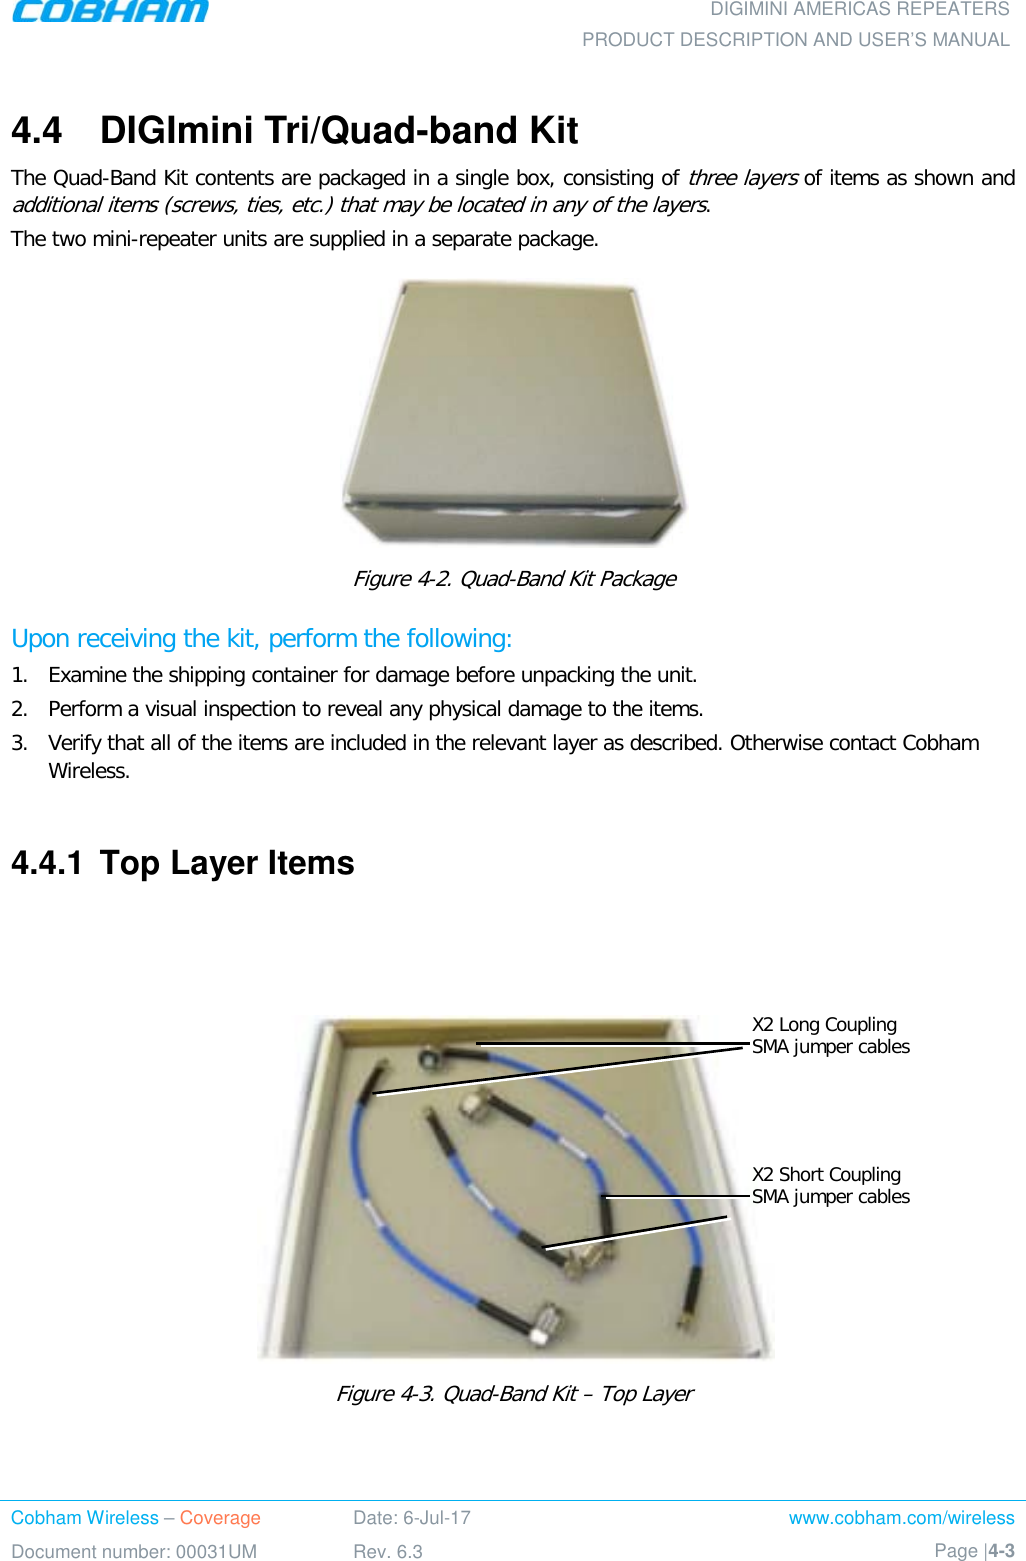  DIGIMINI AMERICAS REPEATERS PRODUCT DESCRIPTION AND USER’S MANUAL Cobham Wireless – Coverage Date: 6-Jul-17 www.cobham.com/wireless Document number: 00031UM Rev. 6.3 Page |4-3  4.4  DIGImini Tri/Quad-band Kit  The Quad-Band Kit contents are packaged in a single box, consisting of three layers of items as shown and additional items (screws, ties, etc.) that may be located in any of the layers. The two mini-repeater units are supplied in a separate package.  Figure  4-2. Quad-Band Kit Package Upon receiving the kit, perform the following:  1.  Examine the shipping container for damage before unpacking the unit. 2.  Perform a visual inspection to reveal any physical damage to the items.   3.  Verify that all of the items are included in the relevant layer as described. Otherwise contact Cobham Wireless.   4.4.1  Top Layer Items     Figure  4-3. Quad-Band Kit – Top Layer    X2 Long Coupling SMA jumper cables X2 Short Coupling SMA jumper cables 
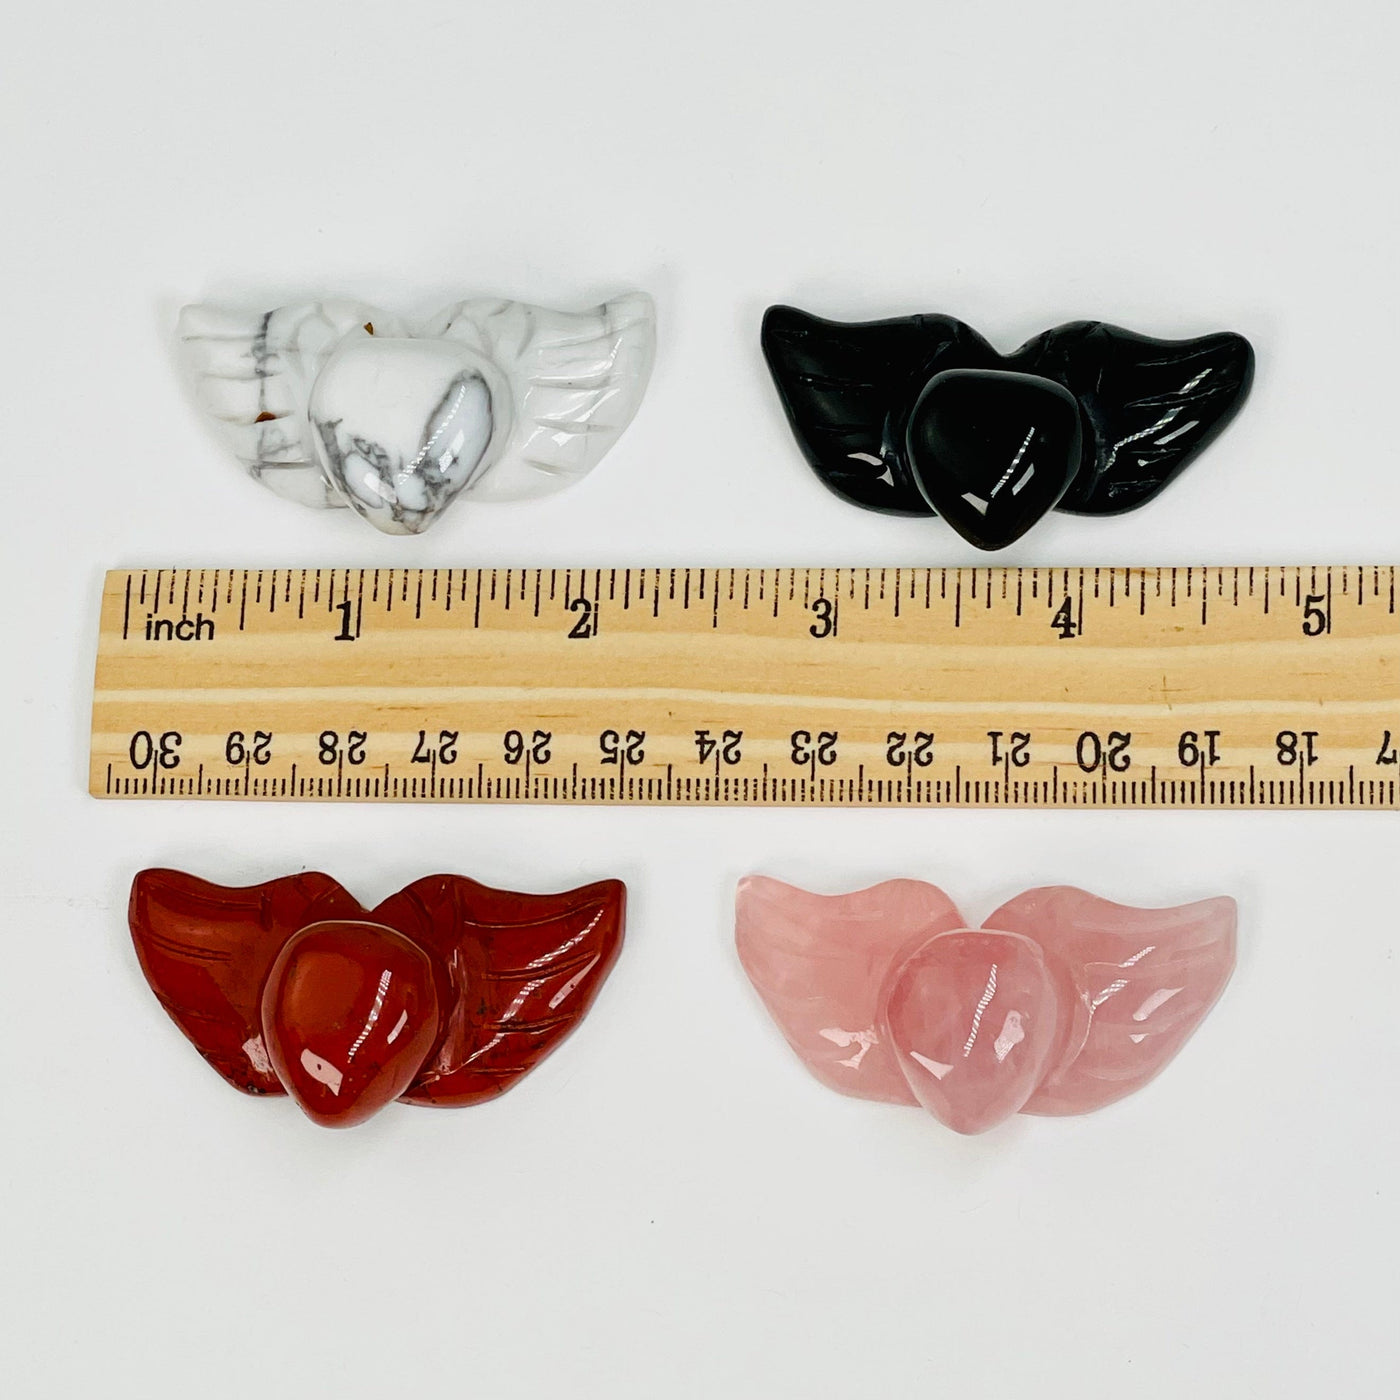 heat with wings carved gemstones next to a ruler for size reference 
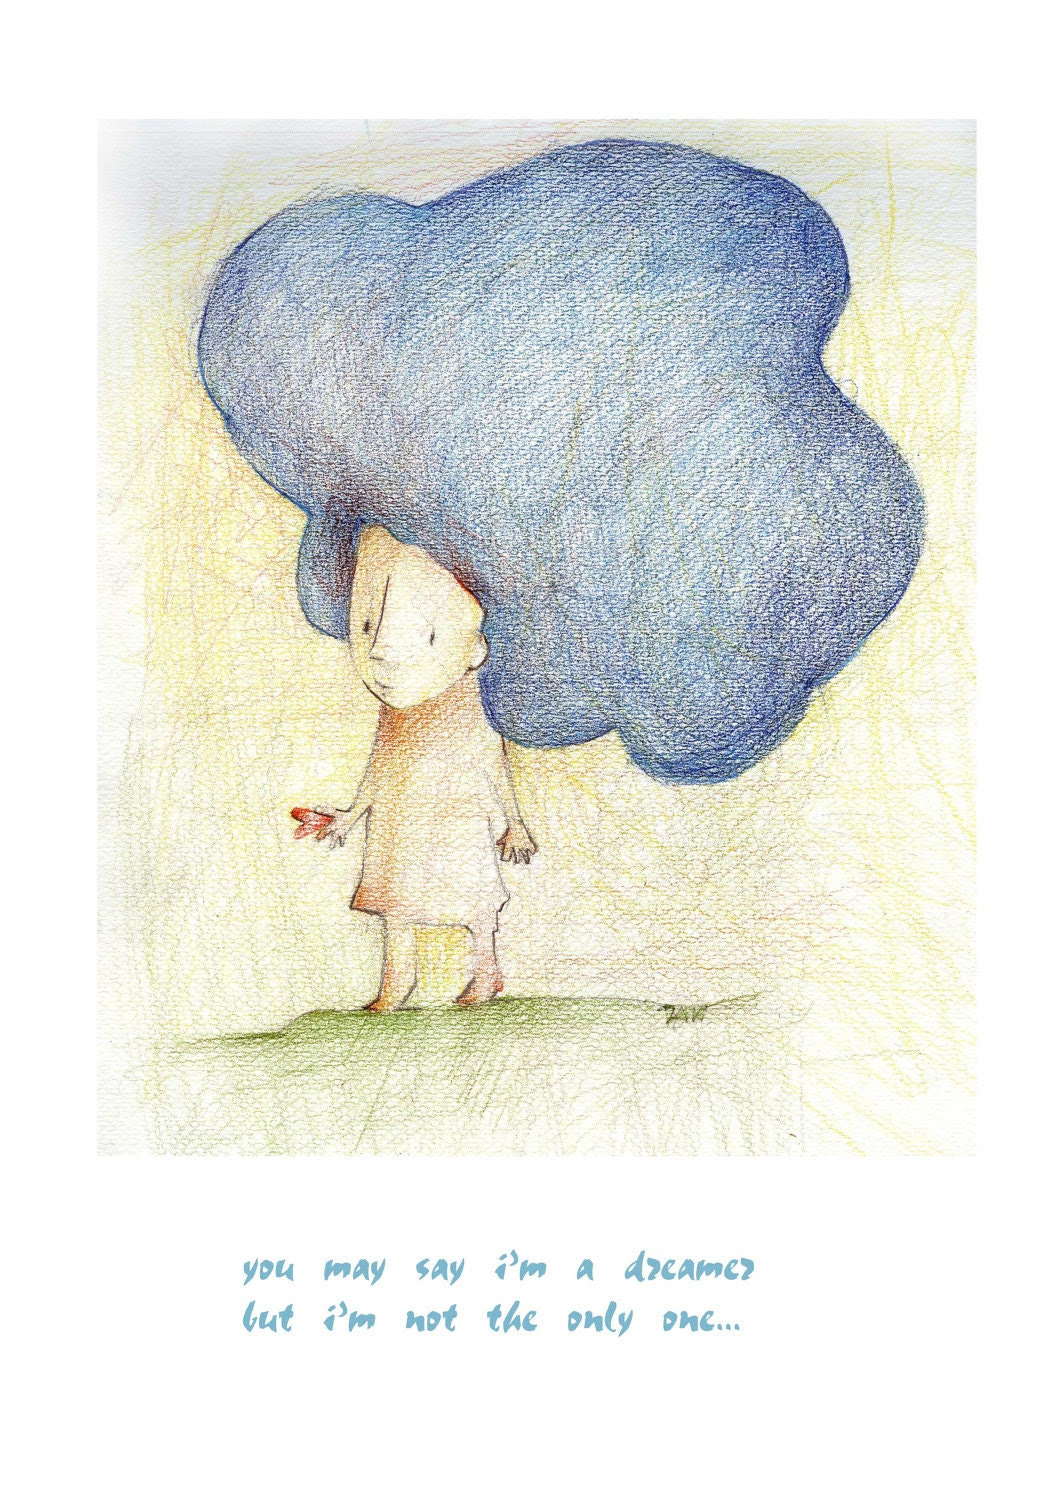 colored pencil drawing - my dreams are so big- childrens print from original HAND PAINTED illustration - illustrationzak

--- What the exercise asks ---
What is needed is a word-for-word copy of the data above, free of any images.

--- Response to this exercise ---
  DIGIMINI AMERICAS REPEATERS PRODUCT DESCRIPTION AND USER’S MANUAL Cobham Wireless – Coverage Date: 6-Jul-17 www.cobham.com/wireless Document number: 00031UM Rev. 6.3 Page |4-3  4.4  DIGImini Tri/Quad-band Kit  The Quad-Band Kit contents are packaged in a single box, consisting of three layers of items as shown and additional items (screws, ties, etc.) that may be located in any of the layers. The two mini-repeater units are supplied in a separate package.  Figure  4-2. Quad-Band Kit Package Upon receiving the kit, perform the following:  1.  Examine the shipping container for damage before unpacking the unit. 2.  Perform a visual inspection to reveal any physical damage to the items.   3.  Verify that all of the items are included in the relevant layer as described. Otherwise contact Cobham Wireless.   4.4.1  Top Layer Items     Figure  4-3. Quad-Band Kit – Top Layer    X2 Long Coupling SMA jumper cables X2 Short Coupling SMA jumper cables 
 heat with wings carved gemstones next to a ruler for size reference 
 colored pencil drawing - my dreams are so big- childrens print from original HAND PAINTED illustration - illustrationzak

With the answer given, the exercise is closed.